DOI: https://doi.org/10.1093/carcin/bgaa018

Interpretive Summary: We fed freeze-dried Parabacteroides distasonis (Pd), a normal gut bacterium, to mice. It reduced the number of colon tumors induced by a chemical carcinogen. Pd also increase the integrity of the gut barrier.

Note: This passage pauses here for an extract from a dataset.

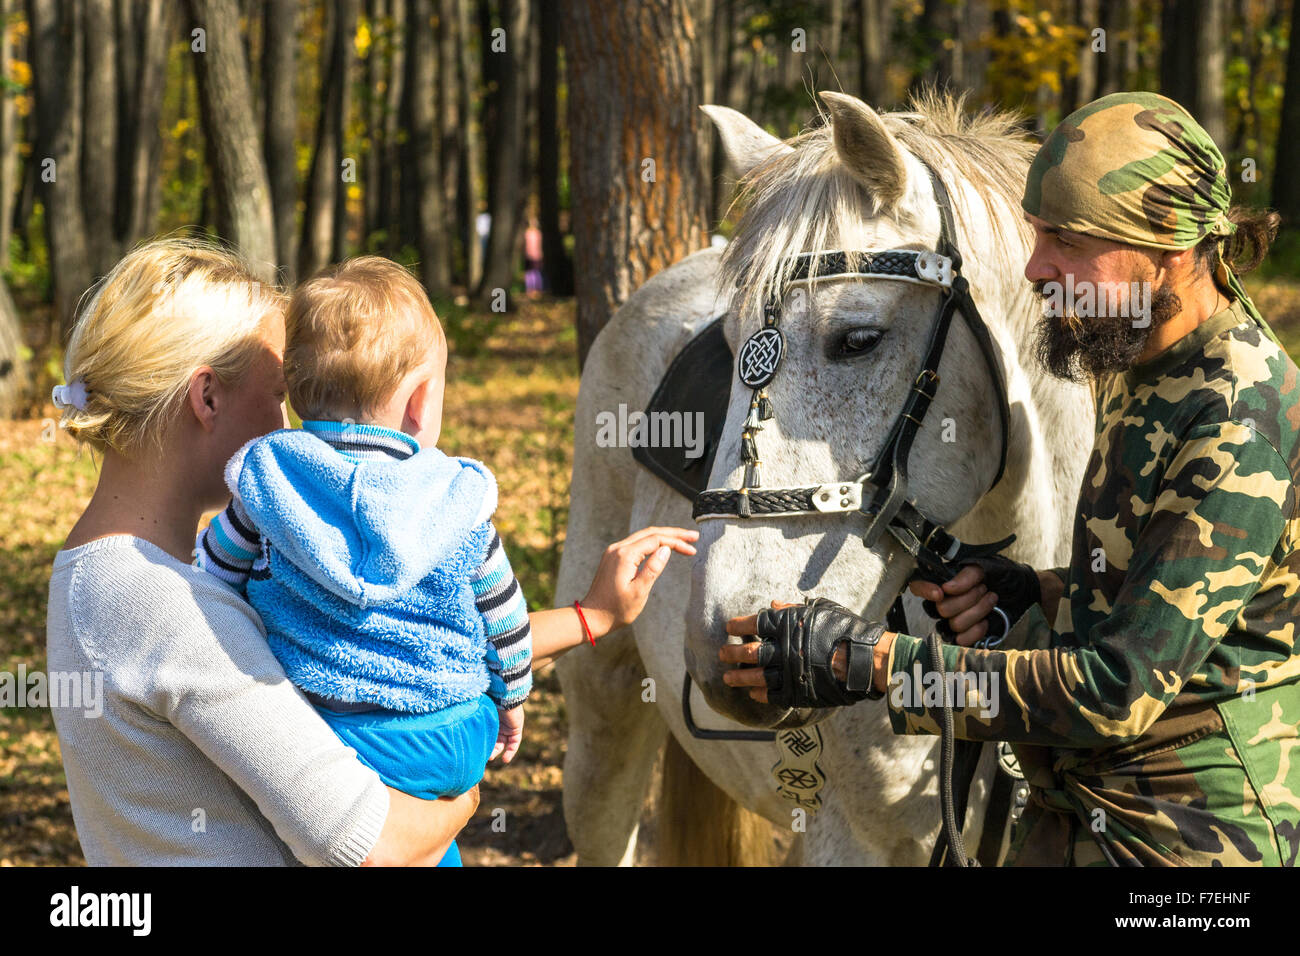 23/09 - Man in military camouflage strokes a white horse as a woman and young baby look at the expression of affection in Ufa Ru Stock Photo

Technical Abstract: Imbalance of the gut microbial community promotes inflammation and colorectal cancer (CRC). Previously, we demonstrated that freeze-dried Parabacteroides distasonis (Pd) suppressed obesity-driven colorectal tumorigenesis in mice. Here, we investigated if Pd could suppress the development of colon tumors in mice independent of obesity. Six-week old male A/J mice were assigned to receive: 1) chow diet (CTR); 2) chow with 0.04% w/w freeze-dried Pd (Pd-Early); or 3) chow diet before switching to 0.04% Pd diet (Pd-Late). Mice remained on diet for 25 weeks with the switch for Pd-Late mice occurring after 19 weeks. All mice received six weekly injections of the colon carcinogen azoxymethane (AOM; 10 mg/kg I.P.) starting after one week on diet. Colon tumors were observed in 77%, 55%, and 40% in CTR, Pd-Early, and Pd-Late mice, respectively (X^2 = 0.047). Colonic expression of TLR4, IL-4, and TNFalpha was 40% (P<0.01) 58% (P=0.05) and 55% (P<0.001) lower, respectively, in Pd-Early compared to CTR mice. Pd-Late mice displayed a 217% (P=0.05) and 185% (P<0.001) increase in colonic IL-10 and TGFbeta expression, respectively, compared to CTR mice and similar increases in protein abundances were detected (47-145% P<0.05). Pd-Early and Pd-Late mice both demonstrated increased colonic expression of the tight junction proteins ZO-1 (P< 0.001) and occludin (P< 0.001) at the transcript (2-3 fold; P<0.01) and protein level (30-50%; P<0.05) relative to CTR. Our results support a protective role for Pd in colonic tumorigenesis and maintenance of intestinal epithelial barrier in AOM-treated mice.